INFORMATION PROVIDED:
* * * * * * *

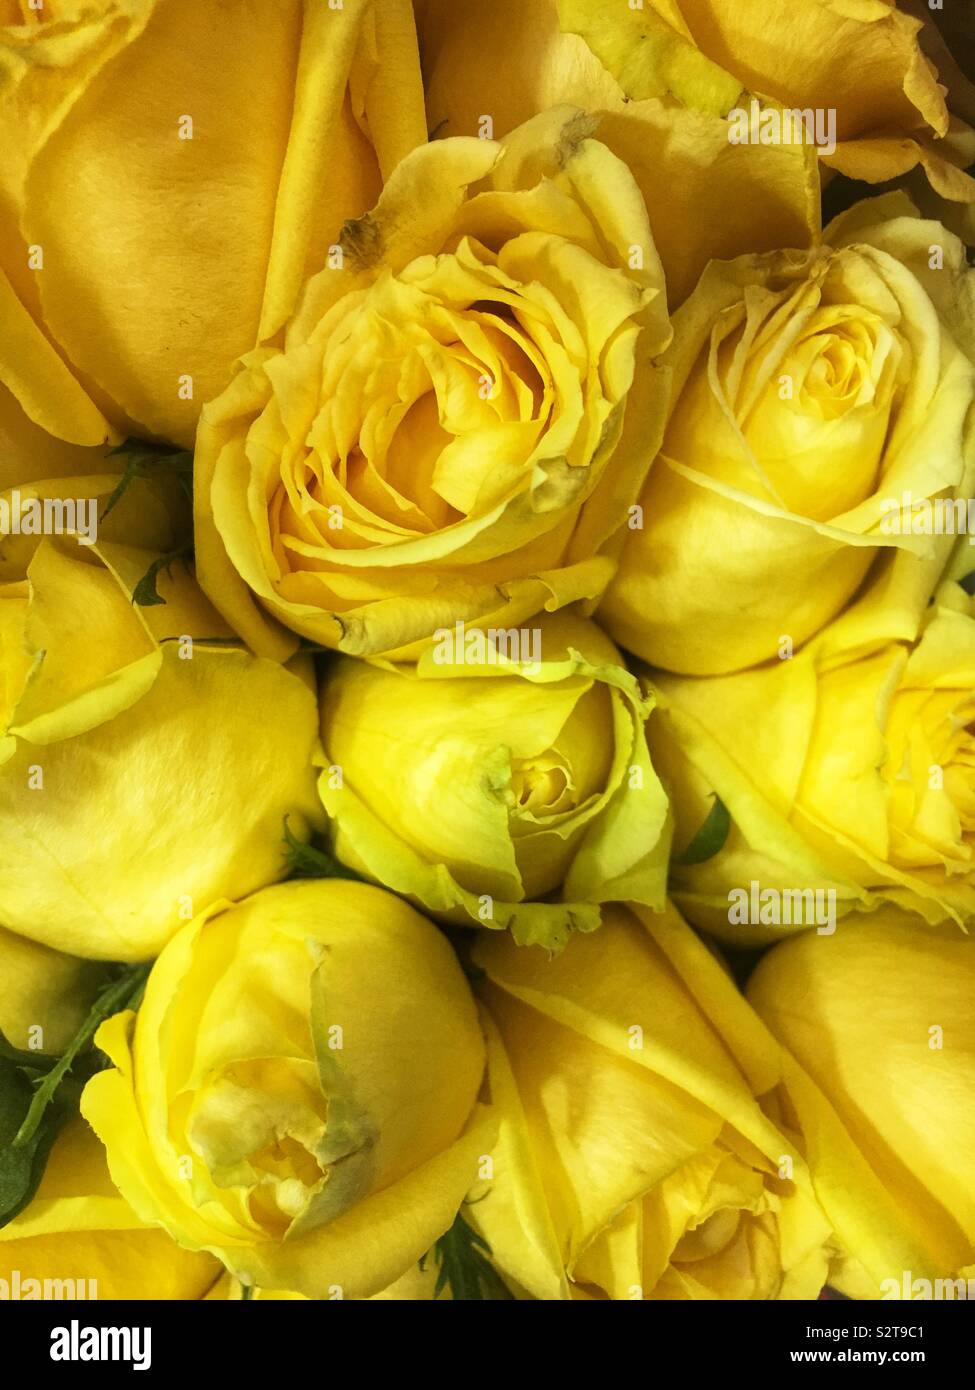 Fresh yellow roses. Stock Photo
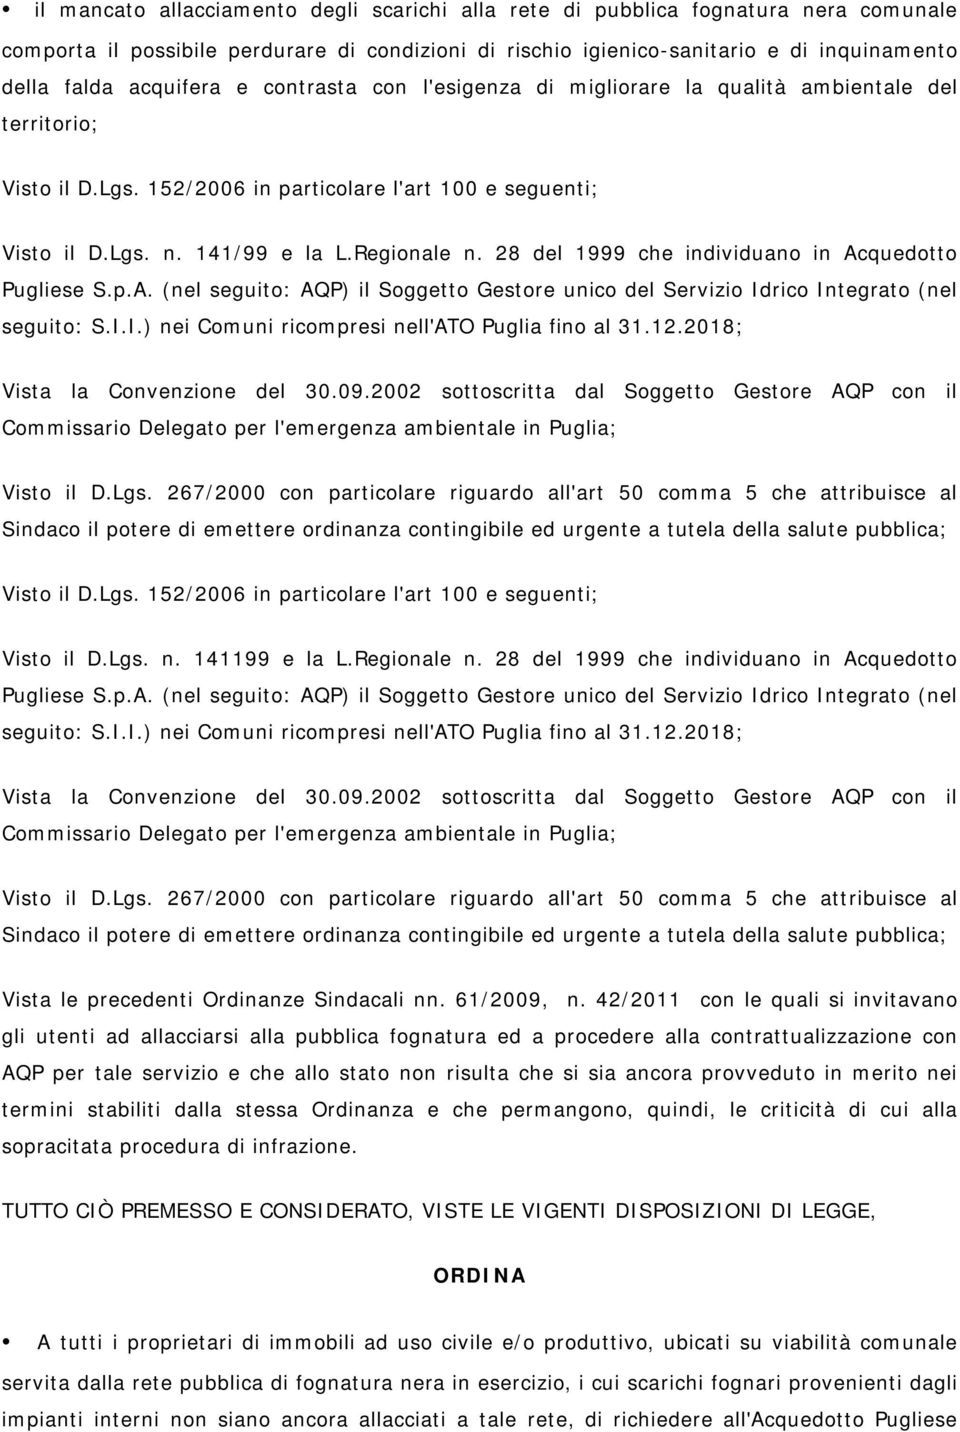 28 del 1999 che individuano in Acquedotto Pugliese S.p.A. (nel seguito: AQP) il Soggetto Gestore unico del Servizio Idrico Integrato (nel seguito: S.I.I.) nei Comuni ricompresi nell'ato Puglia fino al 31.
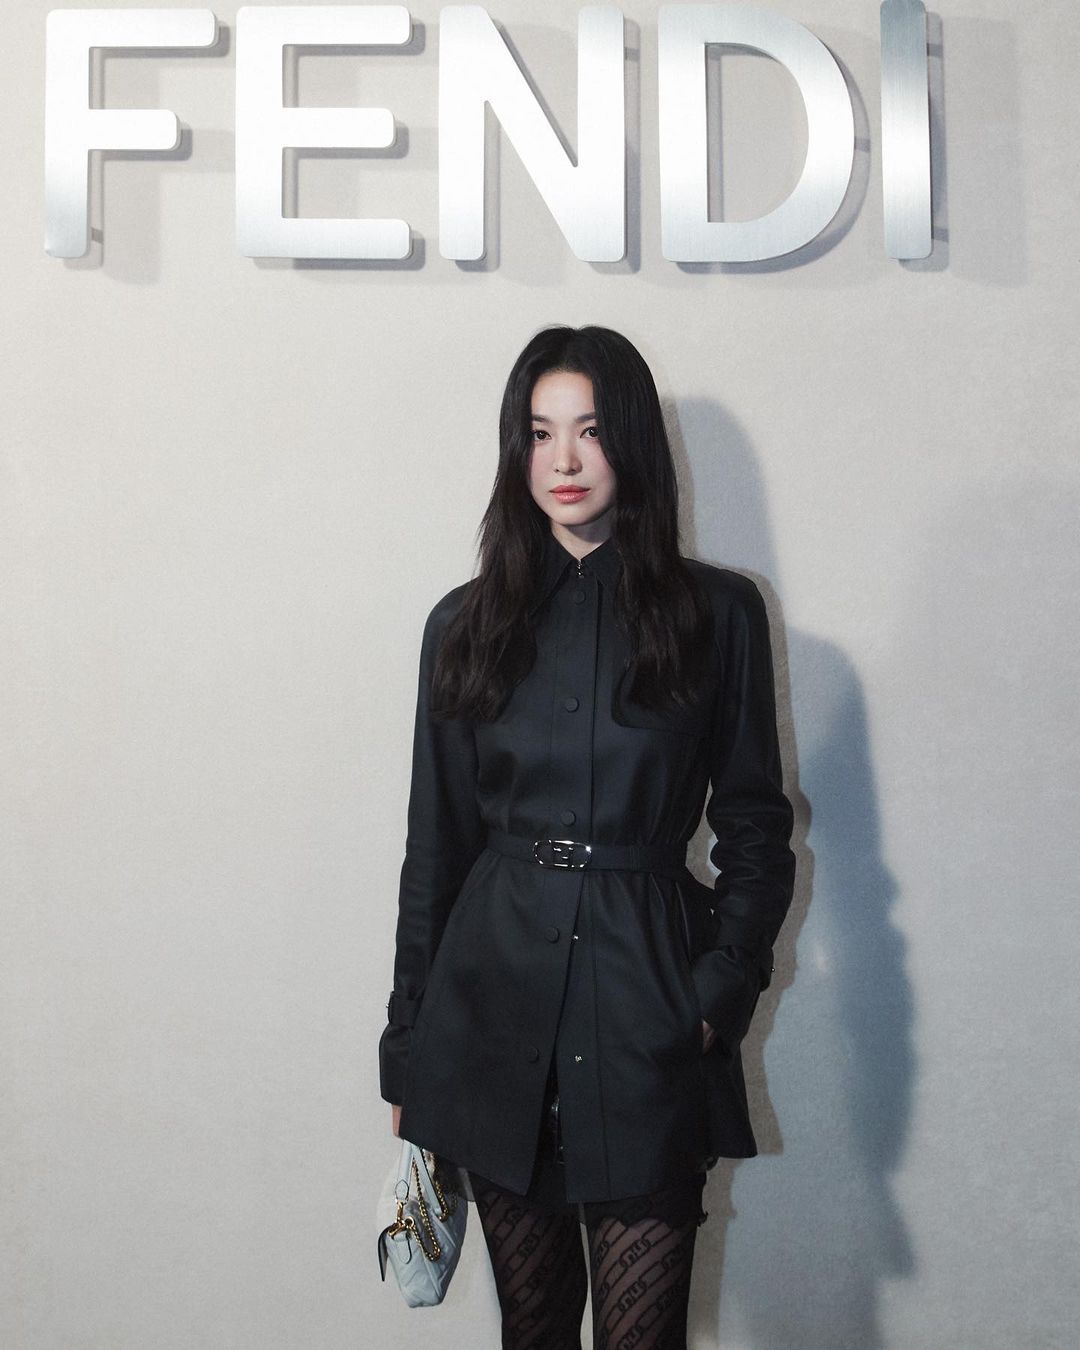 7749 outfit đẳng cấp chứng minh Song Hye Kyo là đại sứ hoàn hảo của Fendi - Ảnh 2.
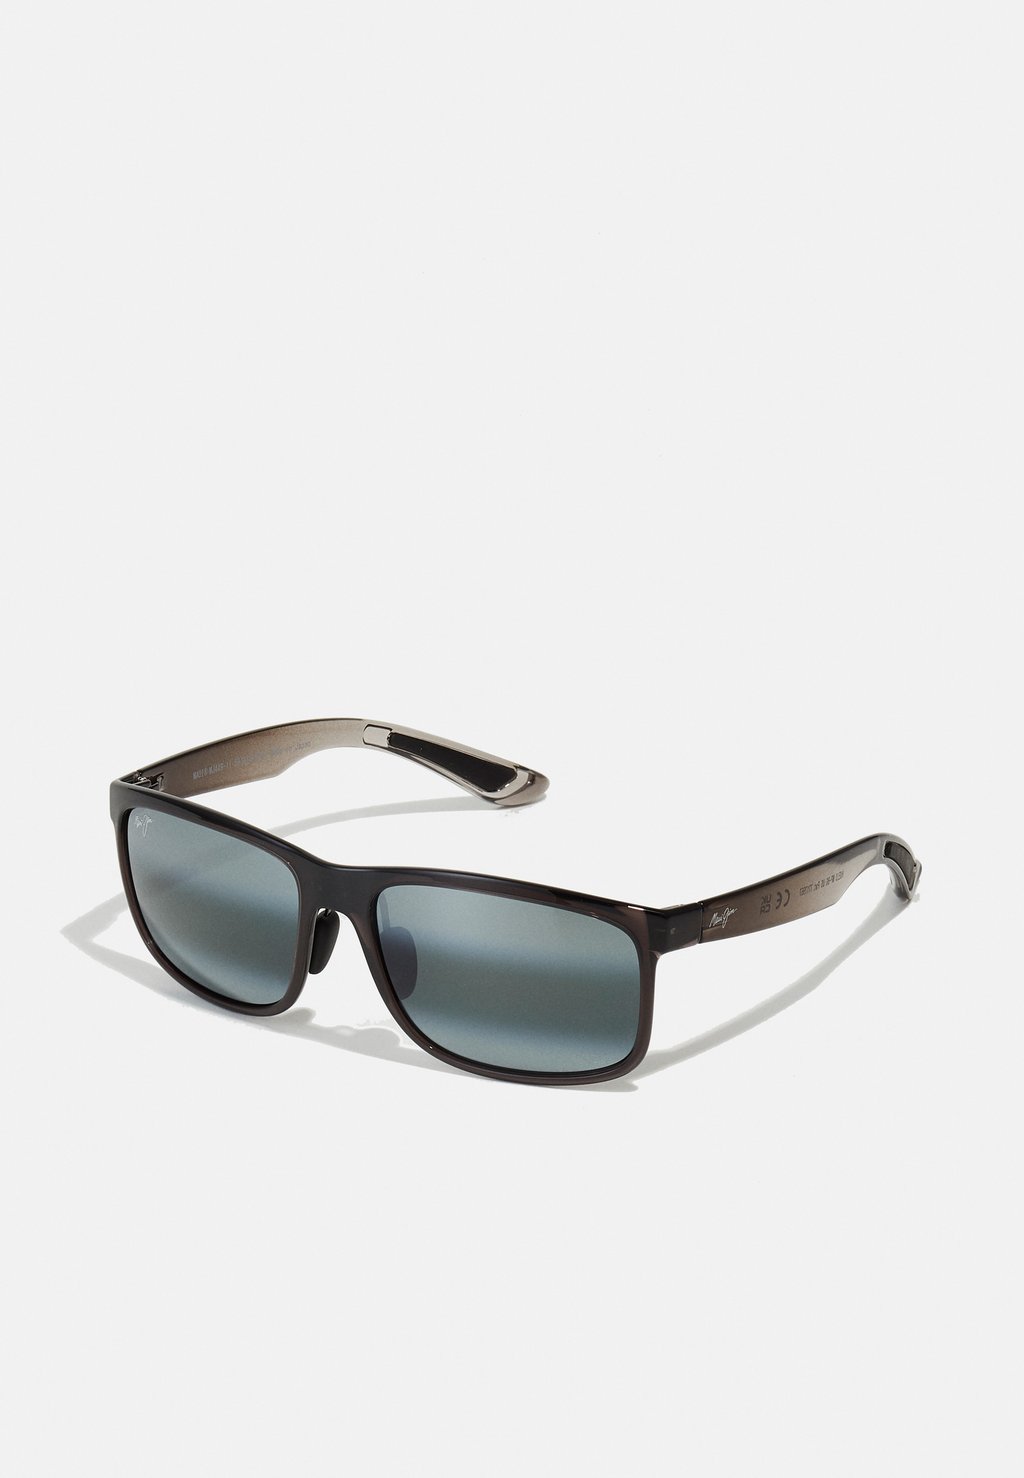 цена Солнцезащитные очки HUELO Maui Jim, цвет translucent grey

* * * * * * *

TASK DESCRIPTION: Nothing but the listing, copied exactly and stripped of its images, should appear in the response.

ANSWER SPACE:
 Fresh yellow roses. Stock Photo
 28 del 1999 che individuano in Acquedotto Pugliese S.p.A. (nel seguito: AQP) il Soggetto Gestore unico del Servizio Idrico Integrato (nel seguito: S.I.I.) nei Comuni ricompresi nell'ato Puglia fino al 31.
 7749 outfit đẳng cấp chứng minh Song Hye Kyo là đại sứ hoàn hảo của Fendi - Ảnh 2.
 цена Солнцезащитные очки HUELO Maui Jim, цвет translucent grey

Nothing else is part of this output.